Activity
Give again, exactly as written, the lines of the records below from the line with "Silhouette of girl" to the line with "Kalian_Branding_Saudi_Film_Council_Logo.jpg". Both end lines count; pictures do not.

Data for analysis
========================

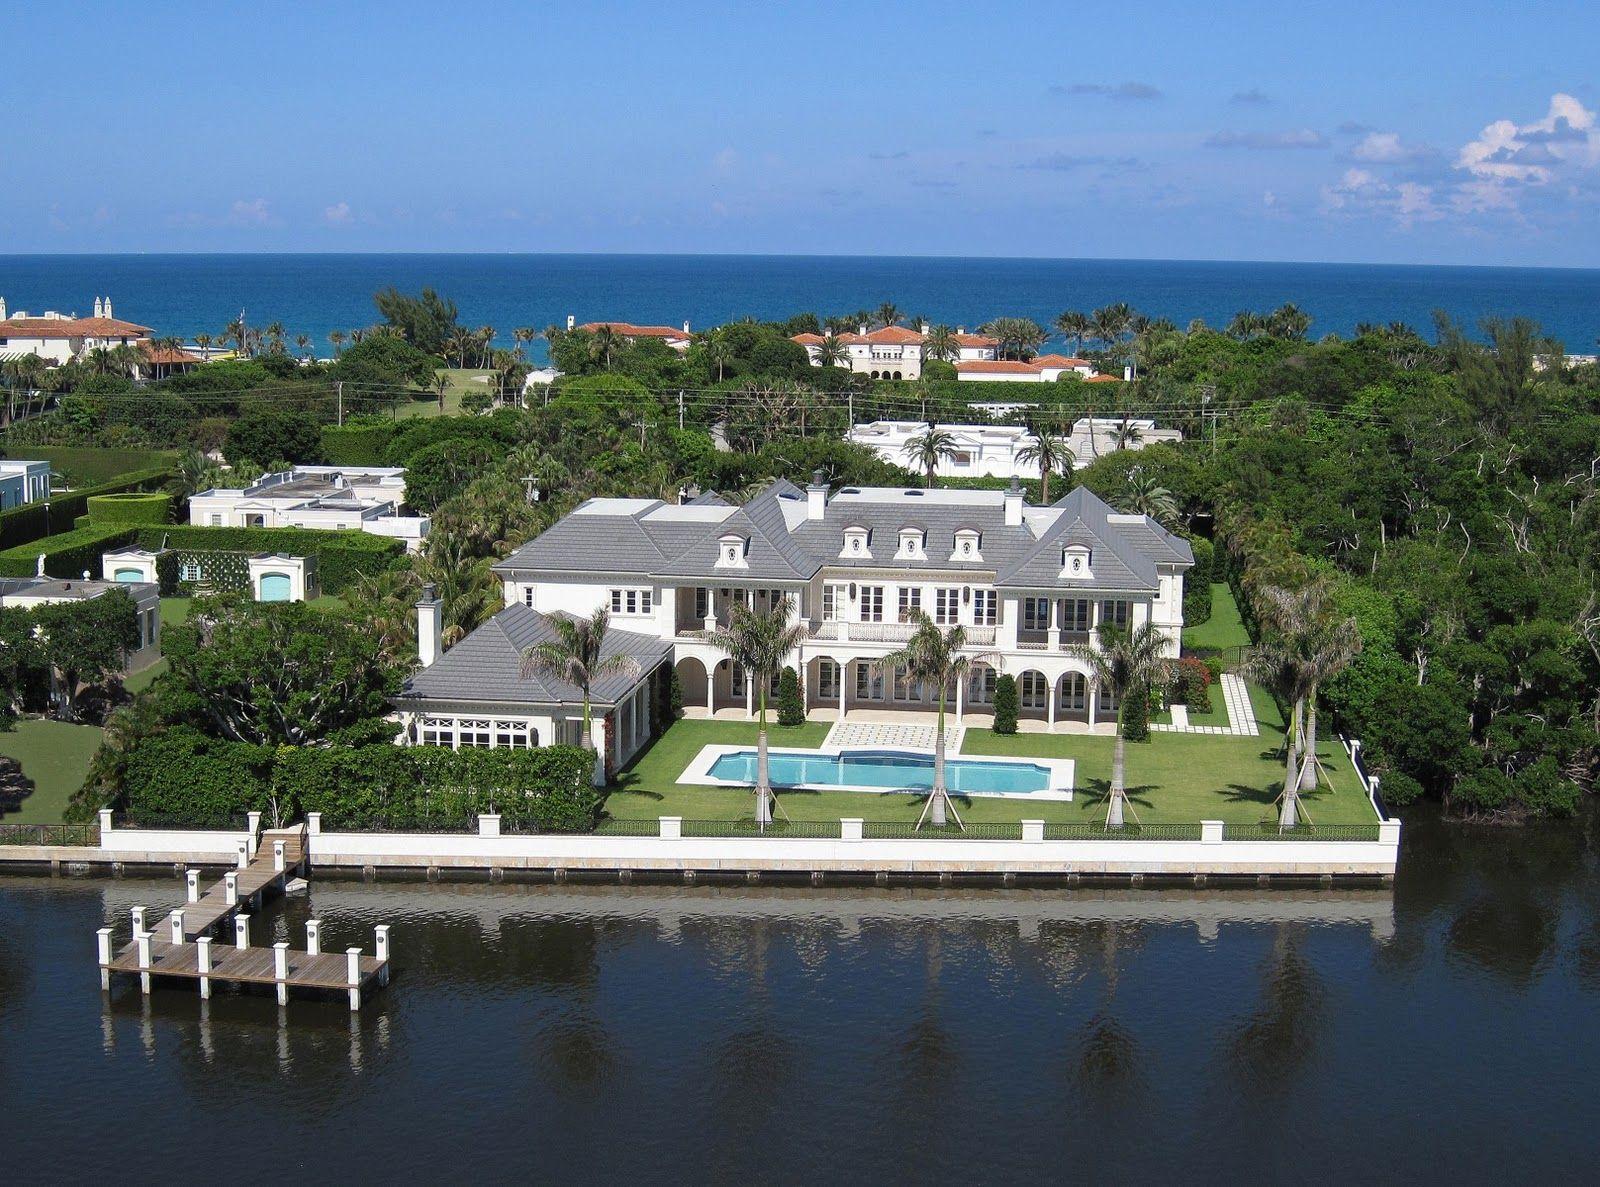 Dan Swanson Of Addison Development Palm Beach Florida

========================

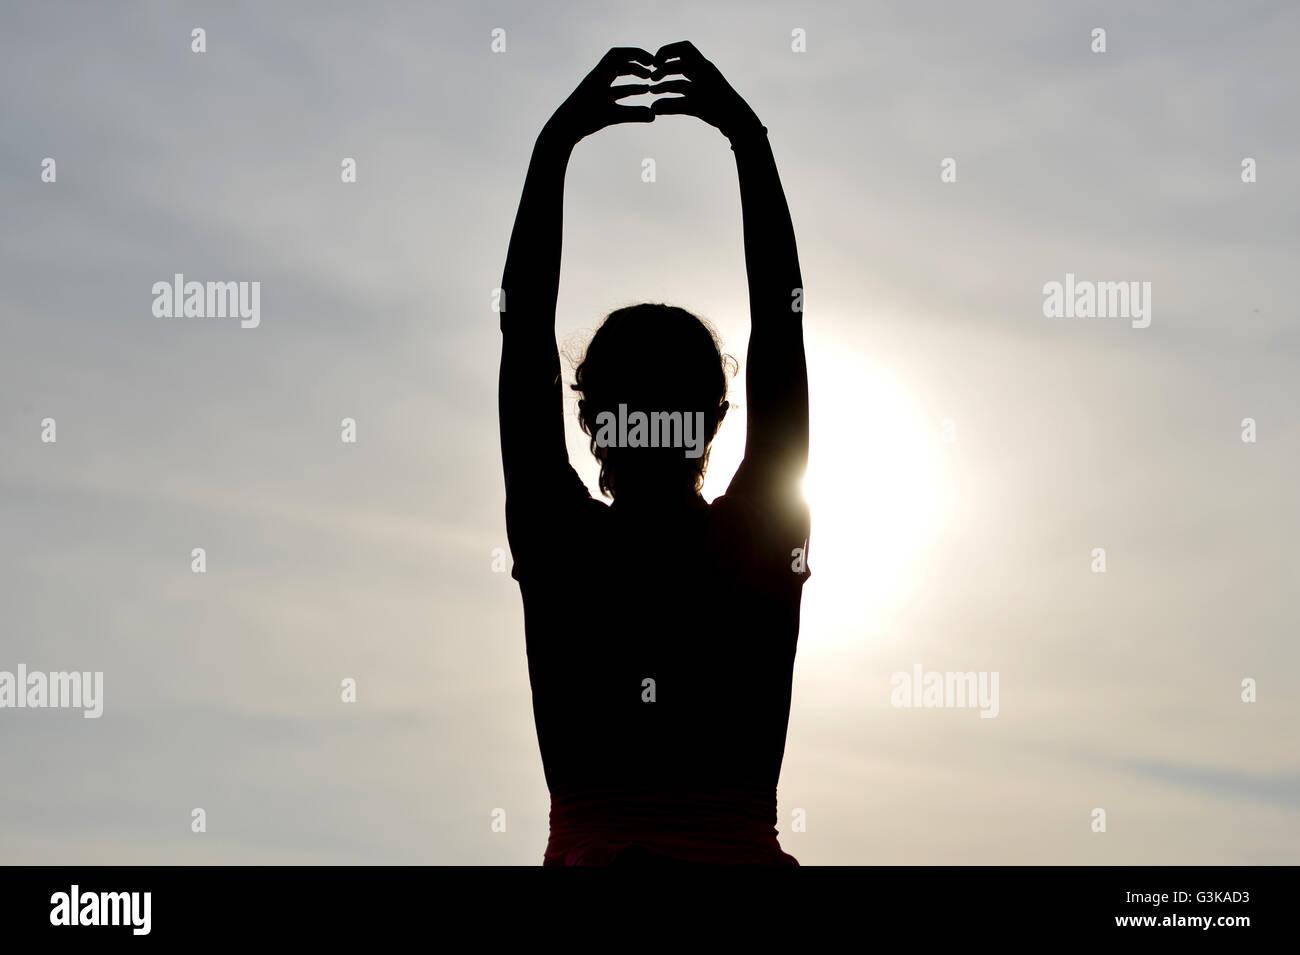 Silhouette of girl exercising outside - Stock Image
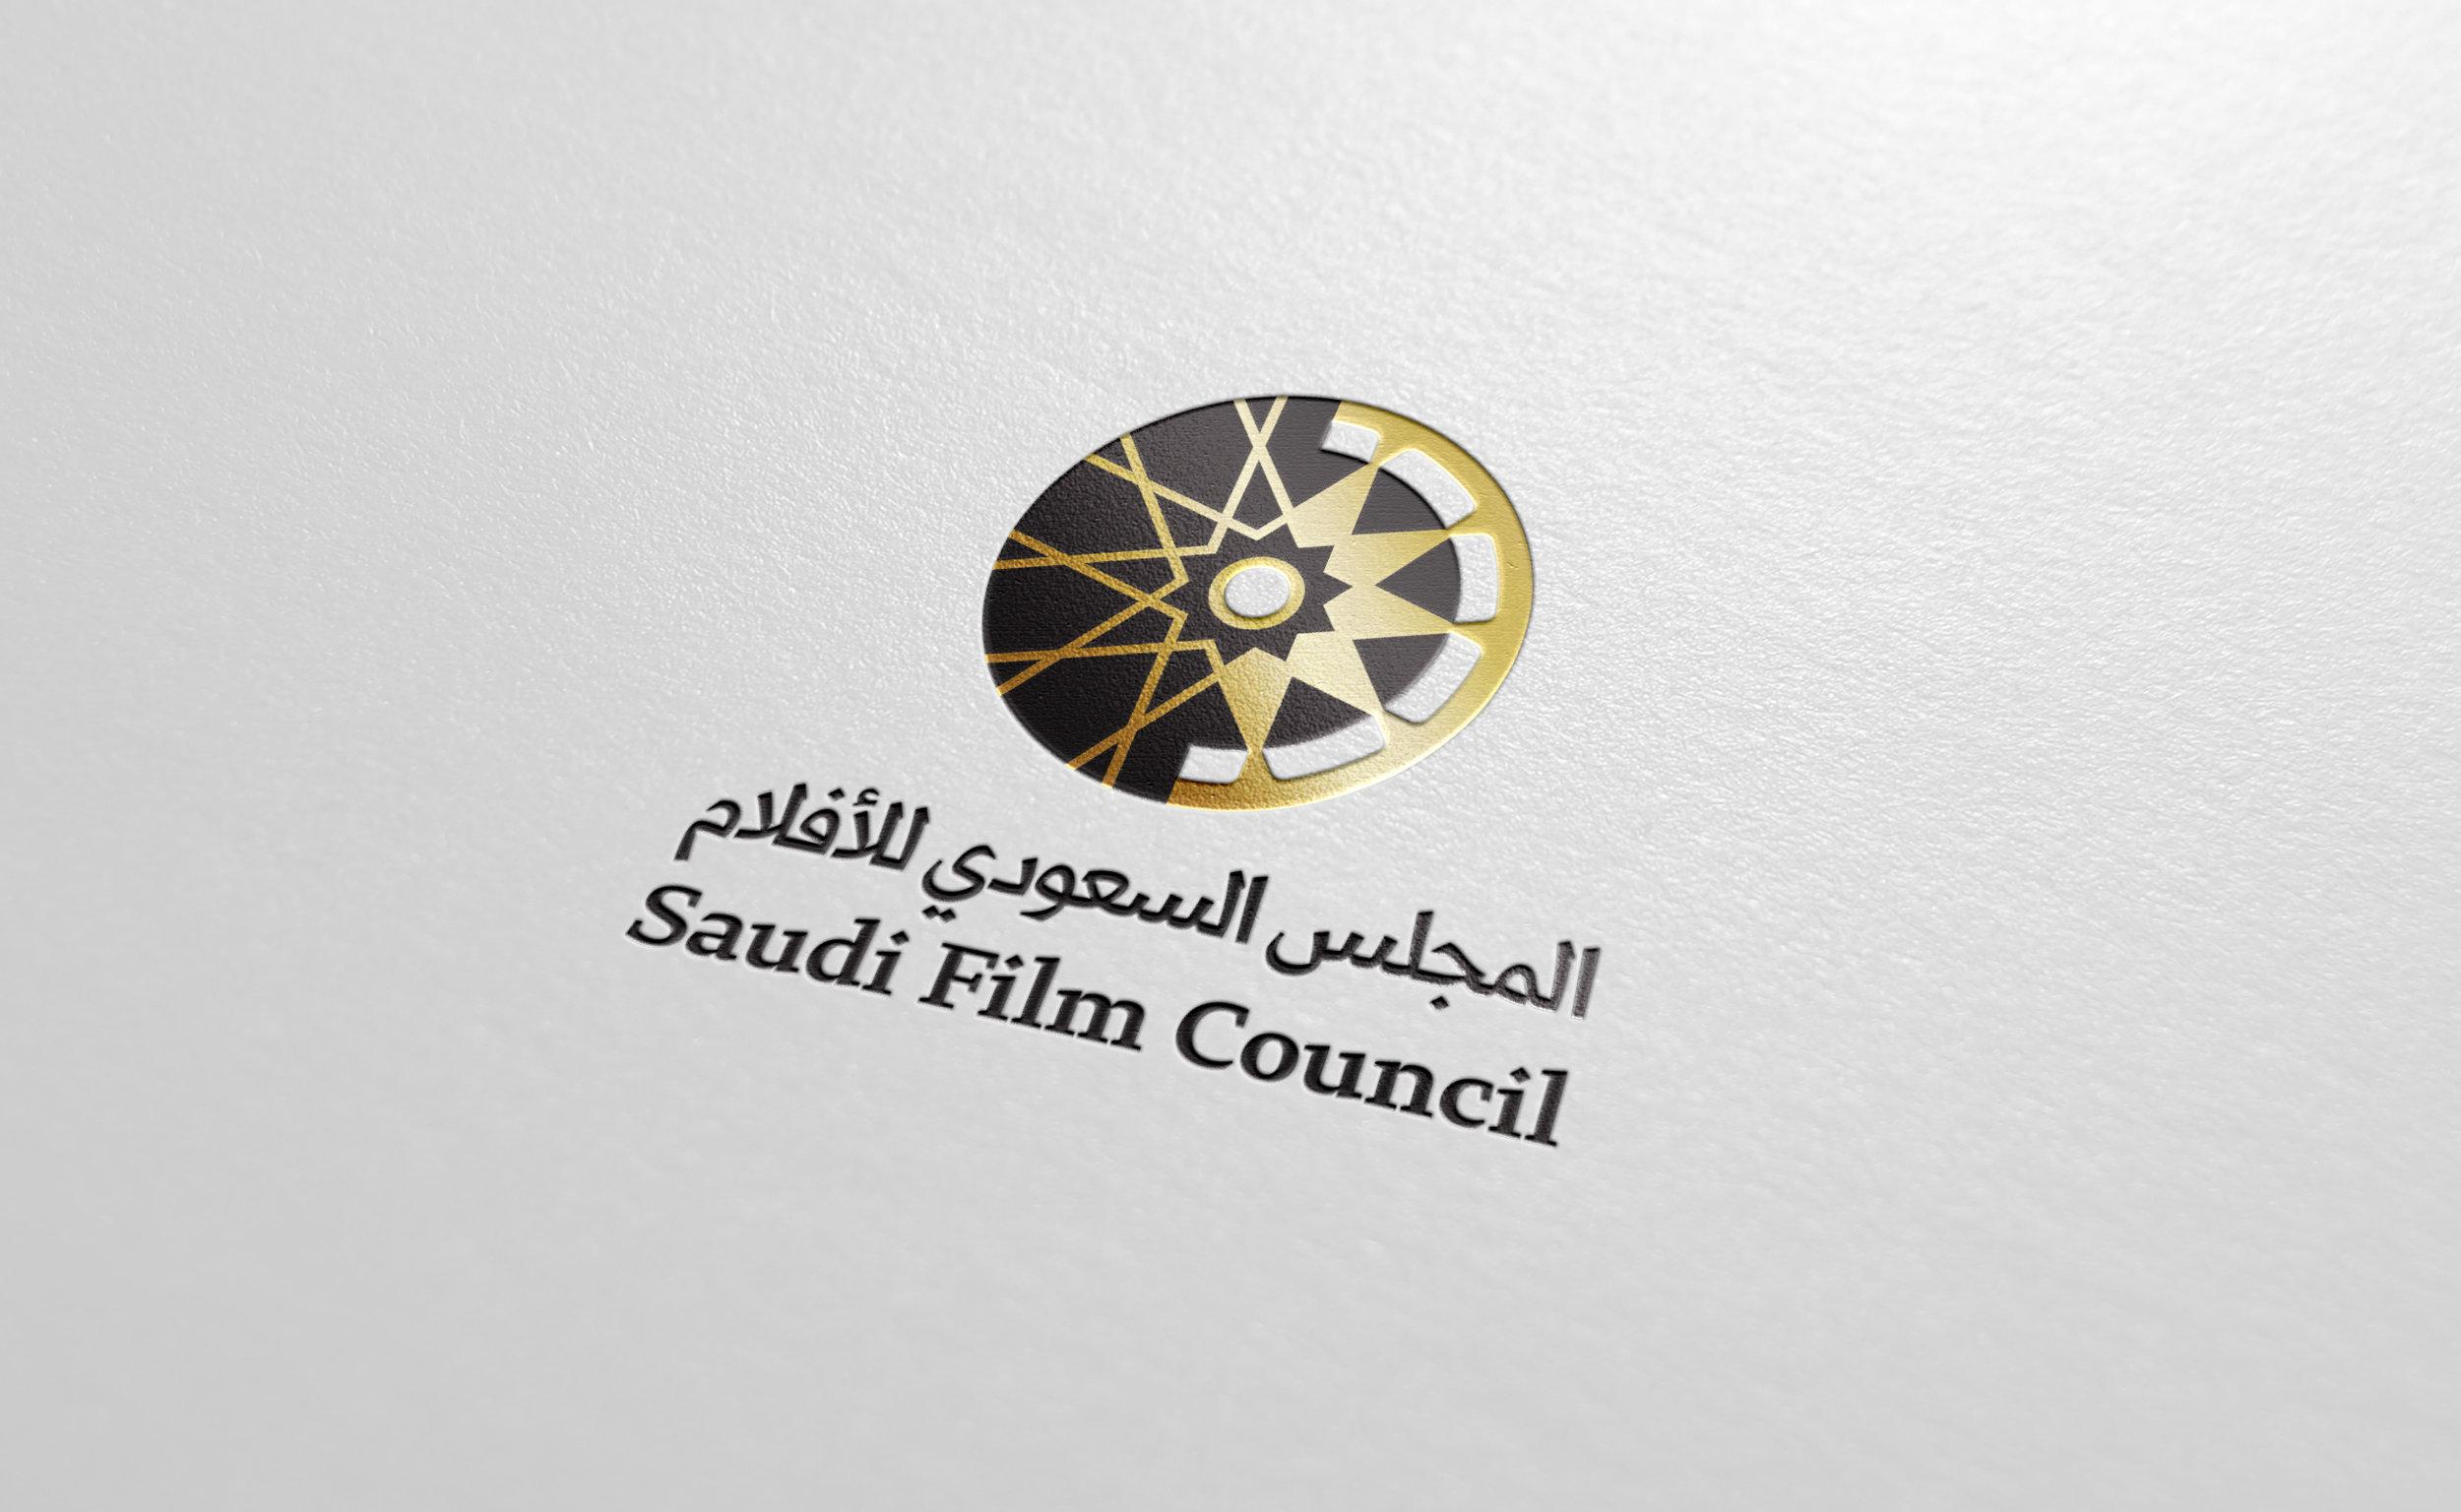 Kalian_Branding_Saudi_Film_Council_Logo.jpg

========================

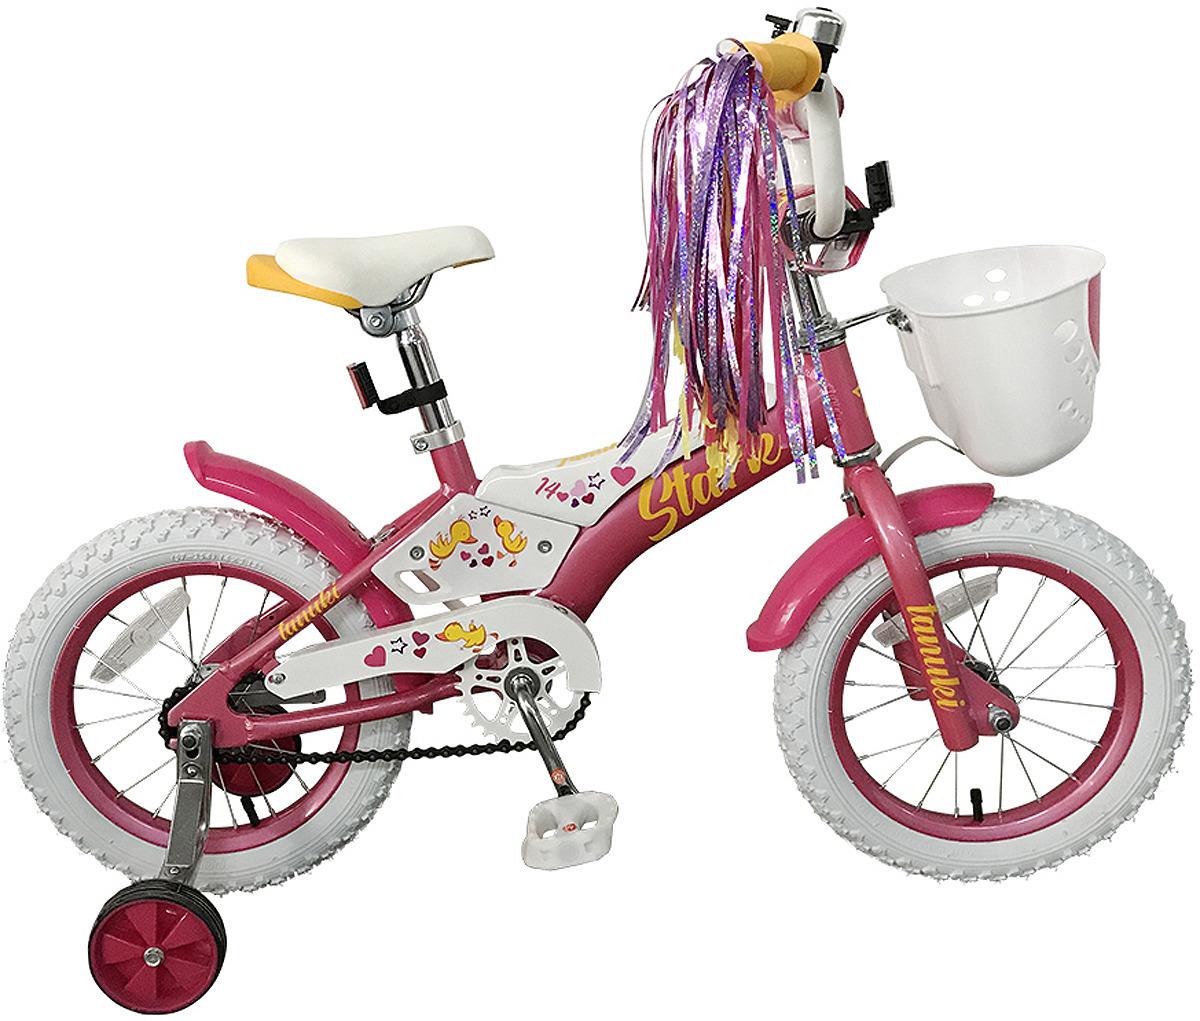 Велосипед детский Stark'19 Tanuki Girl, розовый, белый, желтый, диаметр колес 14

========================

Result of the exercise
 Silhouette of girl exercising outside - Stock Image
 Kalian_Branding_Saudi_Film_Council_Logo.jpg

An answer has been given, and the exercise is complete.